5 CHAPTER FIVE: CONCLUSIONS AND FURTHER WORK
5.1 Thesis overview
This thesis describes analytical methods for the detection of metabolic biomarkers of disease and physiological change. The research was directed towards the development and application of novel analytical techniques, based on mass spectrometry and ion mobility spectrometry, and bioinformatics strategies for the identification of diagnostic/prognostic biomarkers. Methods have been developed based on UHPLC-MS alone and in combination with ion mobility spectrometry (UHPLC-IM-MS) for untargeted metabolite profiling of biofluids such as saliva and mouse plasma. The applications of these methods include investigations on biomarkers of the efficacy of colorectal cancer preventative treatment, diagnostic biomarkers of asthma and physiological stress.

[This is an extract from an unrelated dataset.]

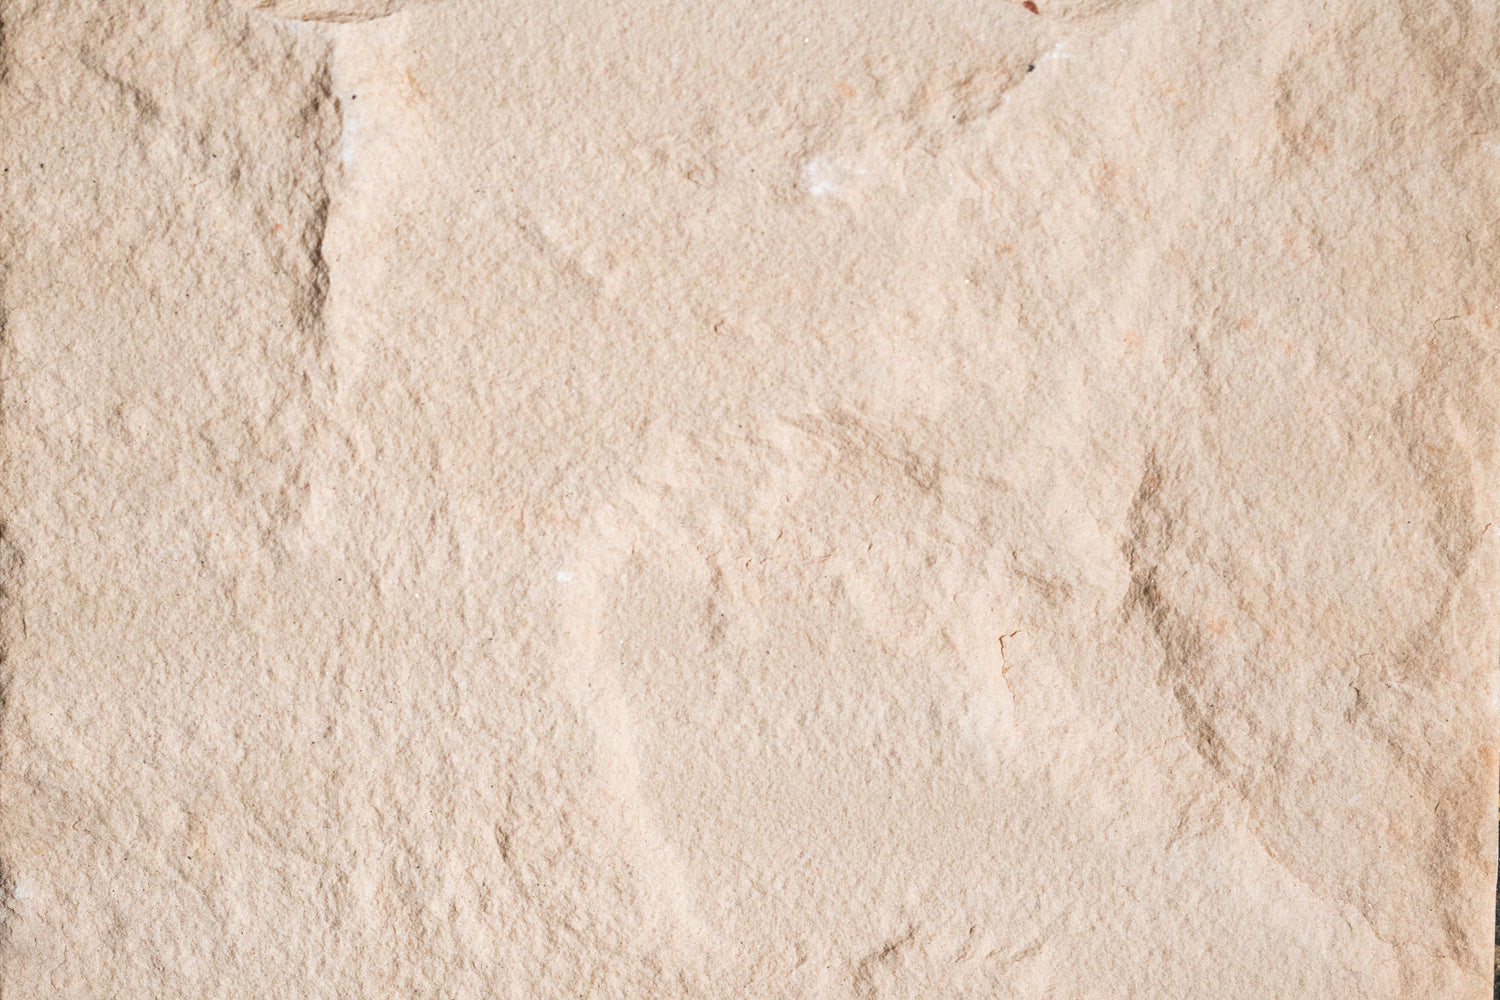 Full Tile Sample - Peach Blossom Sandstone Tile - 16" x 16" x 1/2" Natural Cleft Face, Gauged Back

The individual chapters are summarised in the following sections and directions for further work are proposed.
5.1.1 Summary of chapter one
Chapter one covers the theoretical principles of ion mobility spectrometry (IMS), mass spectrometry (MS) and multivariate statistical analysis (MVA) techniques. An account of modern day metabolomics, physiology and the application of saliva as a diagnostic medium is presented. The chapter also provides a review of analytical techniques used in metabolite profiling of biofluids with particular emphasis on salivary metabolite profiling.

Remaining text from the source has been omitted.